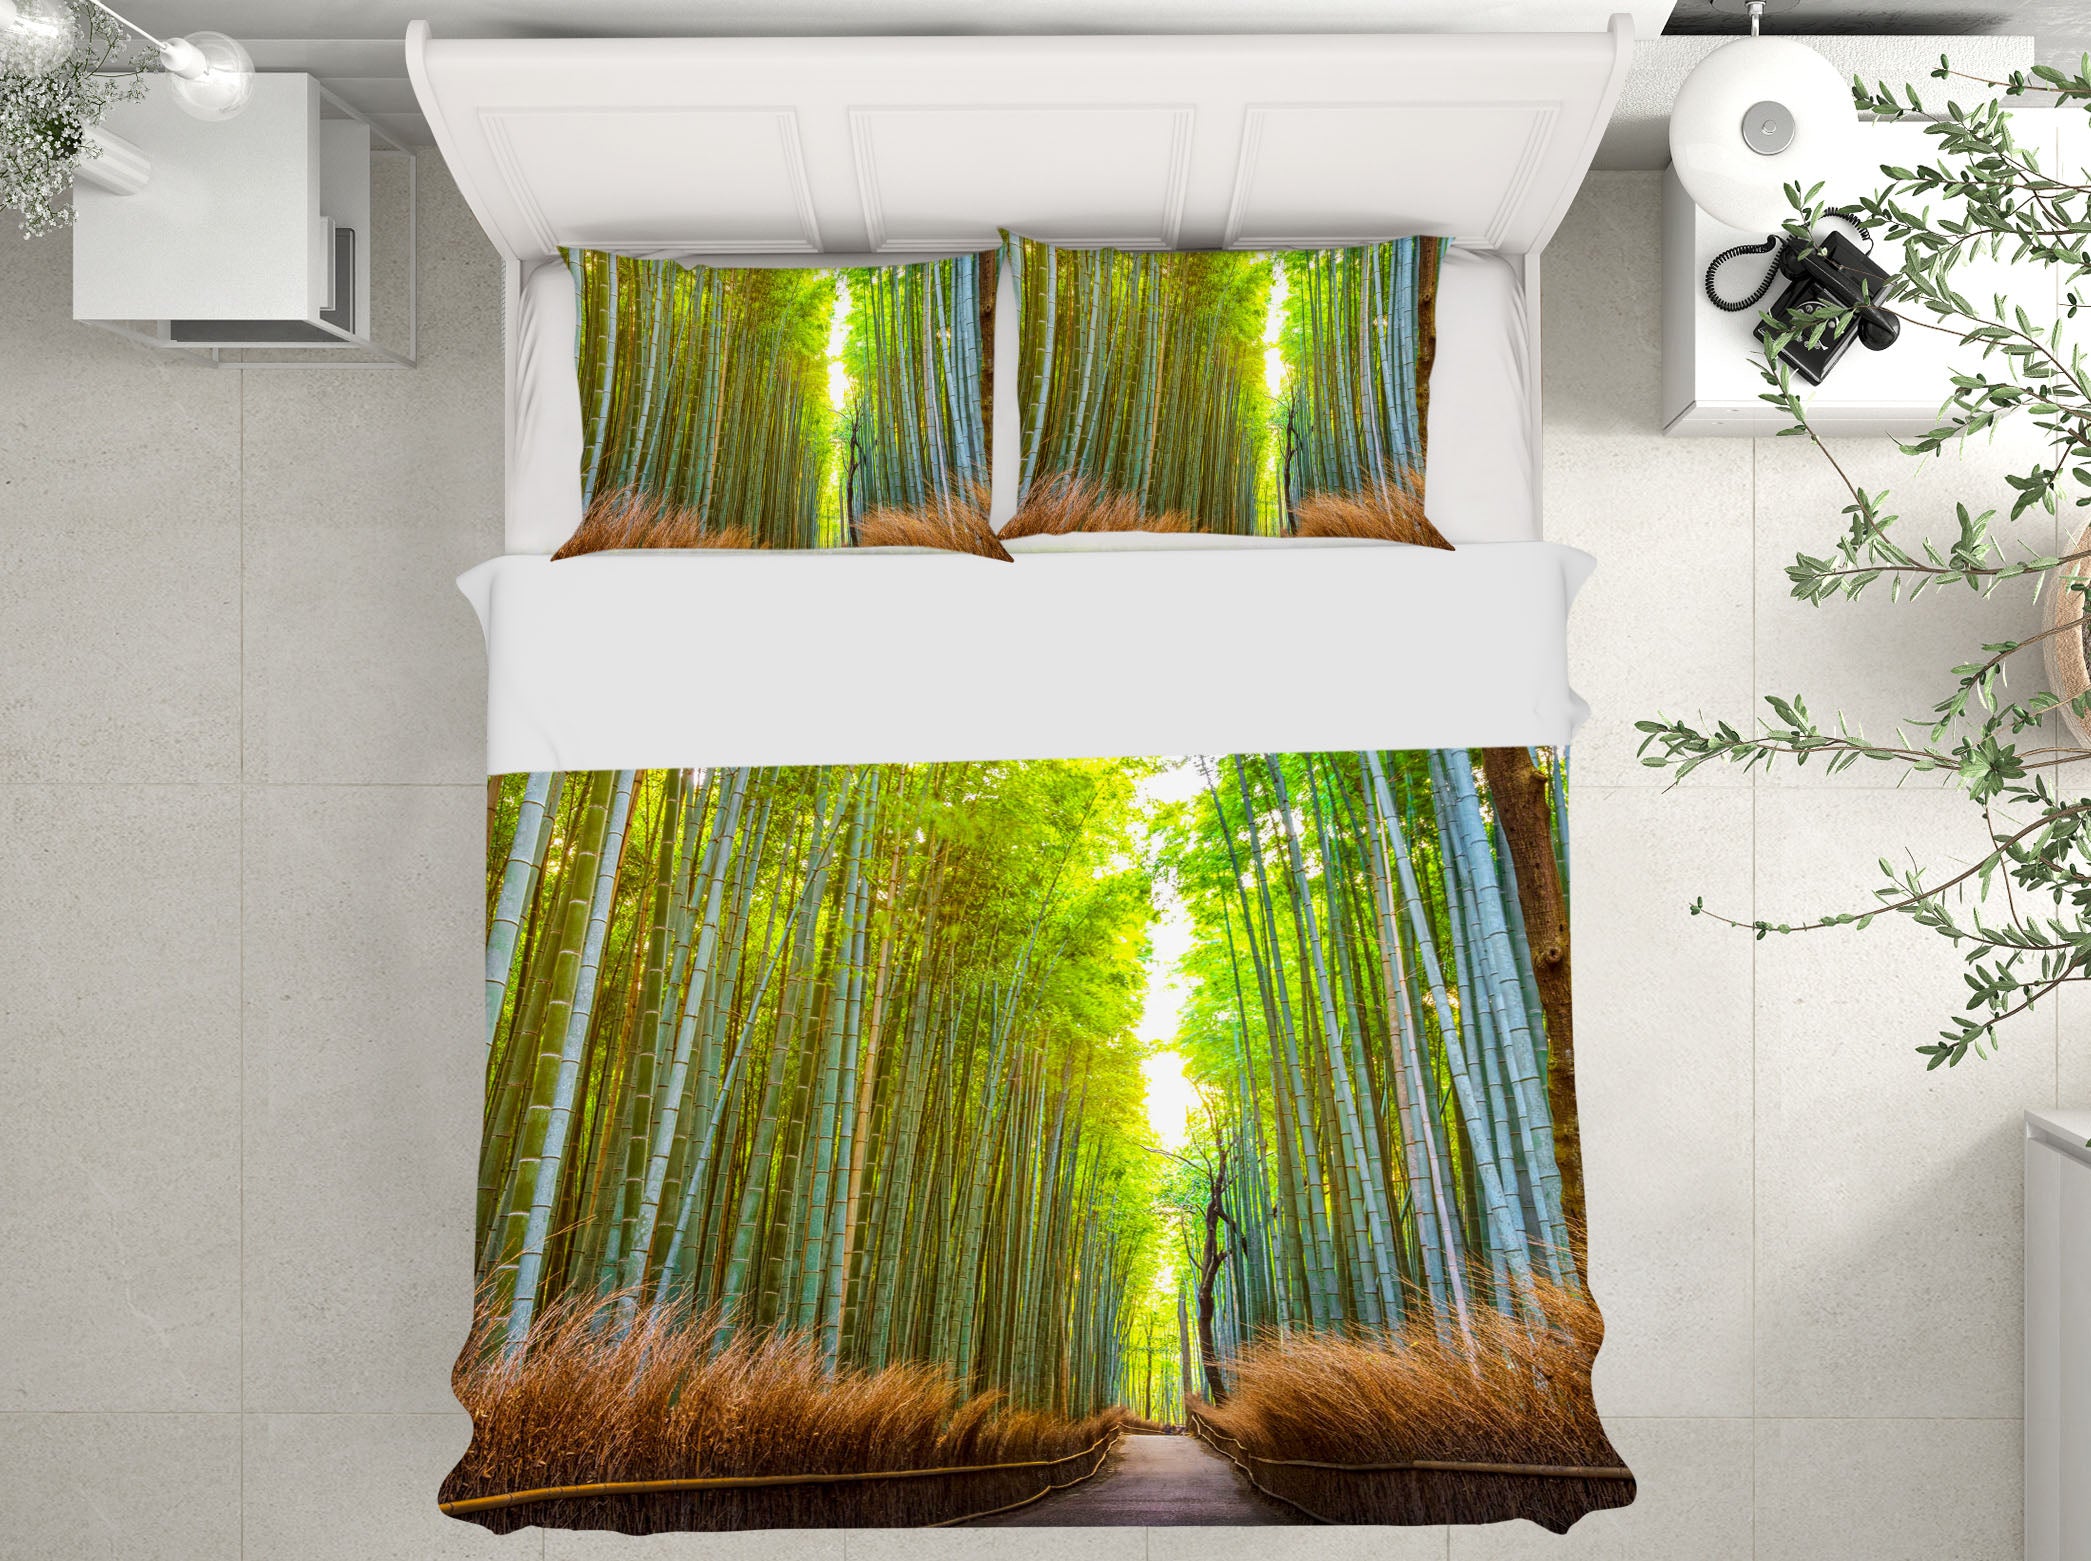 3D Kyoto Bamboo Forest 039 Marco Carmassi Bedding Bed Pillowcases Quilt
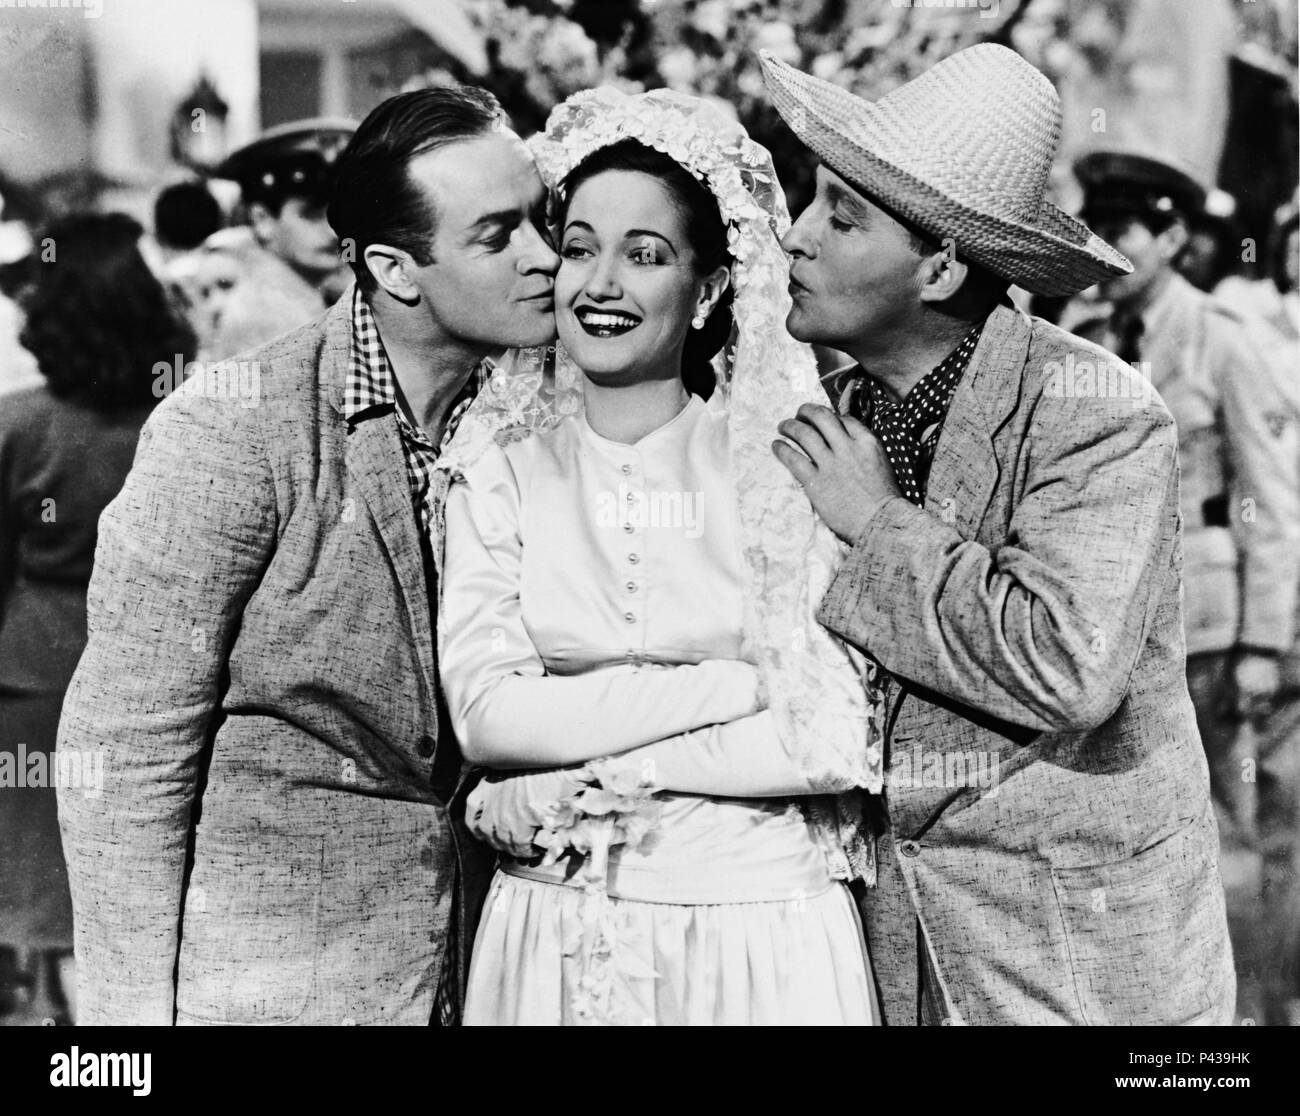 Original Film Title: ROAD TO RIO.  English Title: ROAD TO RIO.  Film Director: NORMAN Z. MCLEOD.  Year: 1947.  Stars: BOB HOPE; BING CROSBY; DOROTHY LAMOUR. Credit: PARAMOUNT PICTURES / Album Stock Photo
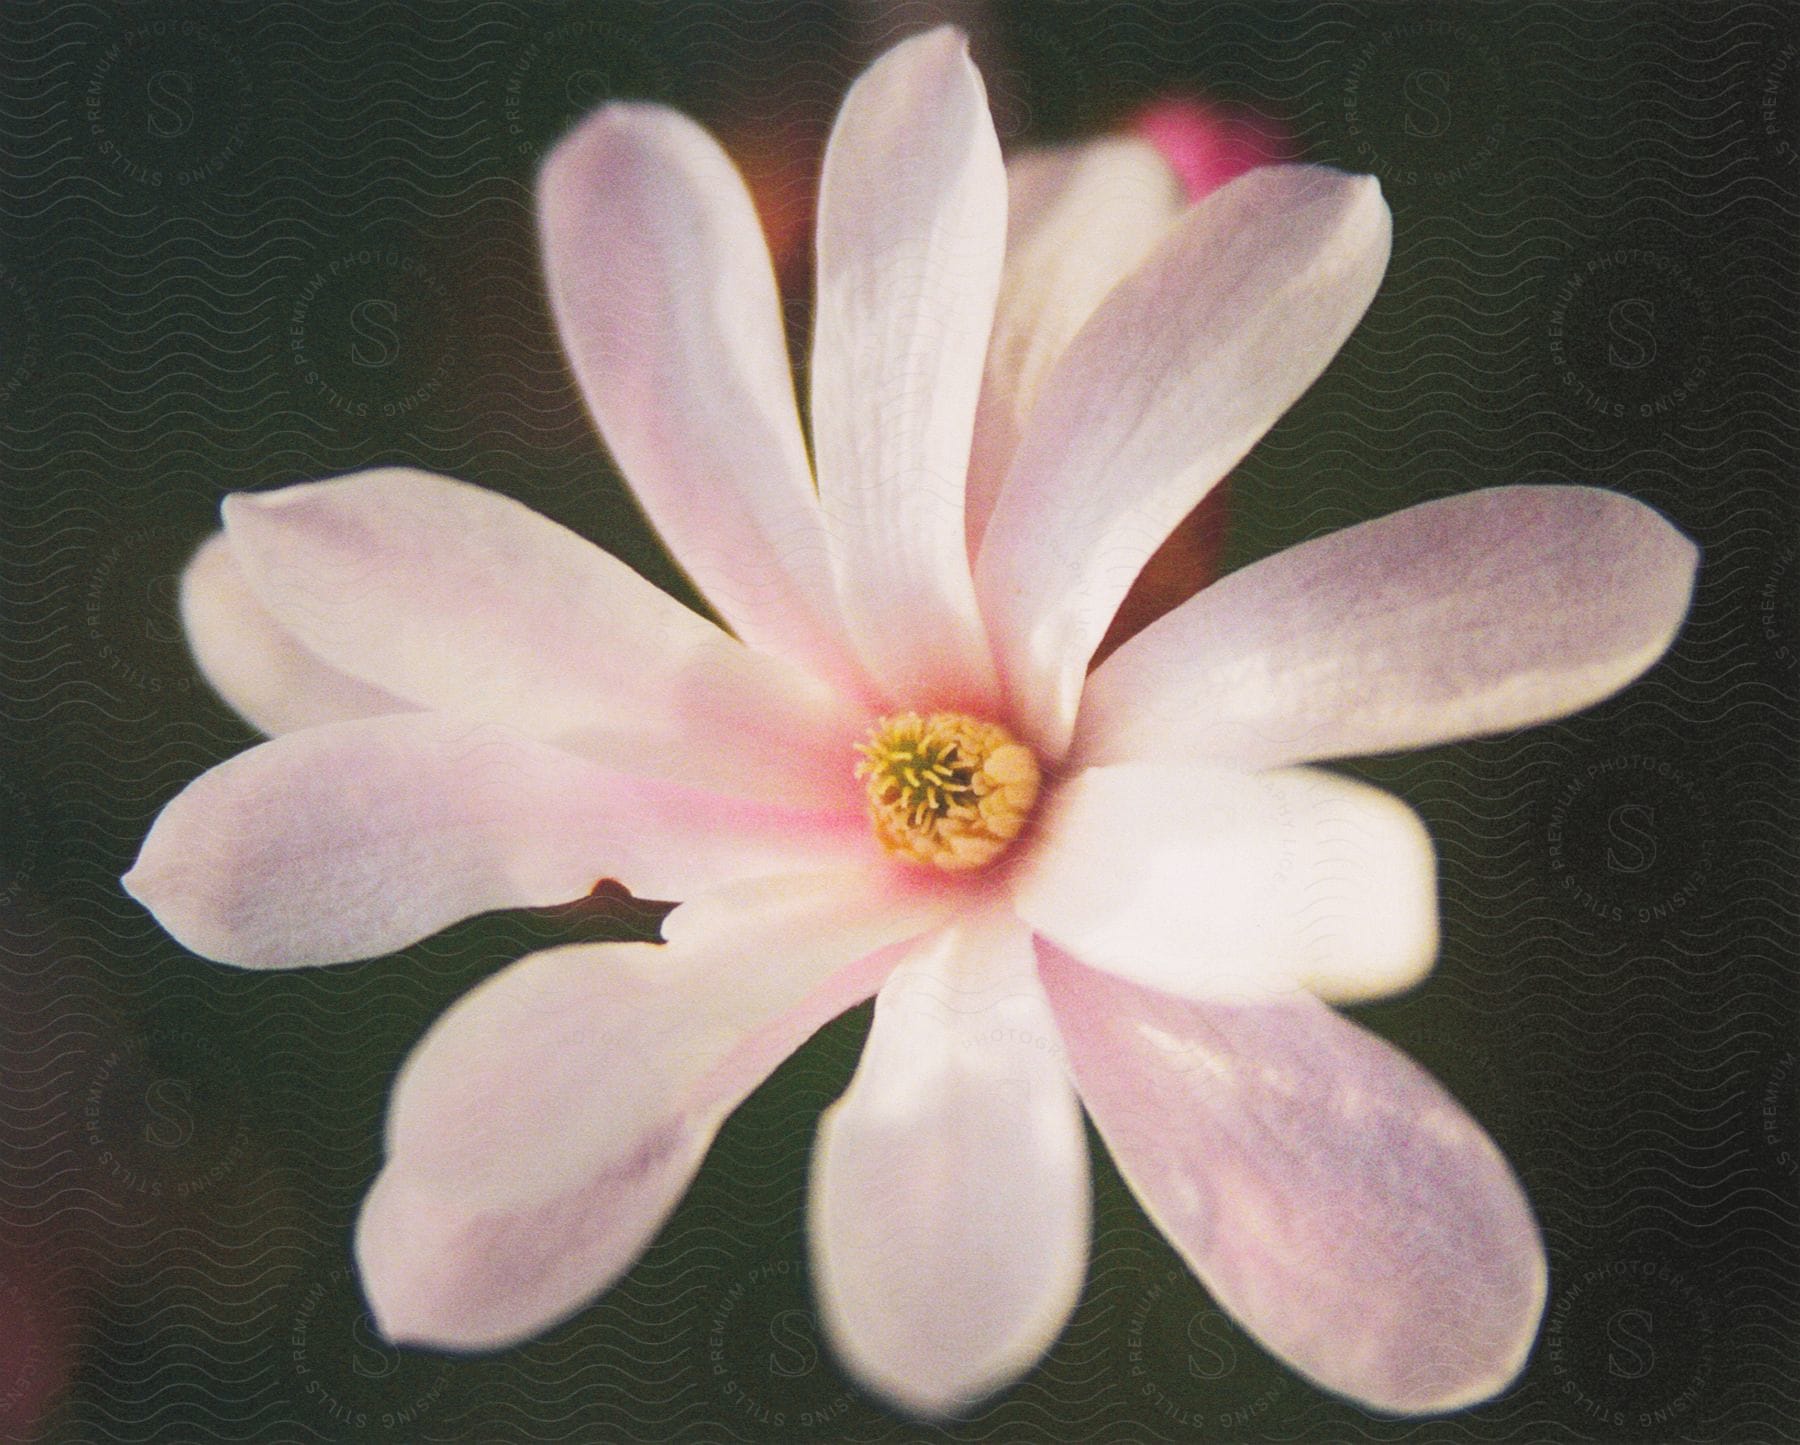 Close-up of a flower with light pink petals.
•••••
• Problem to solve: Only the pictures are to be dropped; all other material above must be repeated exactly.

• Task solution:
 3D Kyoto Bamboo Forest 039 Marco Carmassi Bedding Bed Pillowcases Quilt
 Original Film Title: ROAD TO RIO.  English Title: ROAD TO RIO.  Film Director: NORMAN Z. MCLEOD.  Year: 1947.  Stars: BOB HOPE; BING CROSBY; DOROTHY LAMOUR. Credit: PARAMOUNT PICTURES / Album Stock Photo
 Close-up of a flower with light pink petals.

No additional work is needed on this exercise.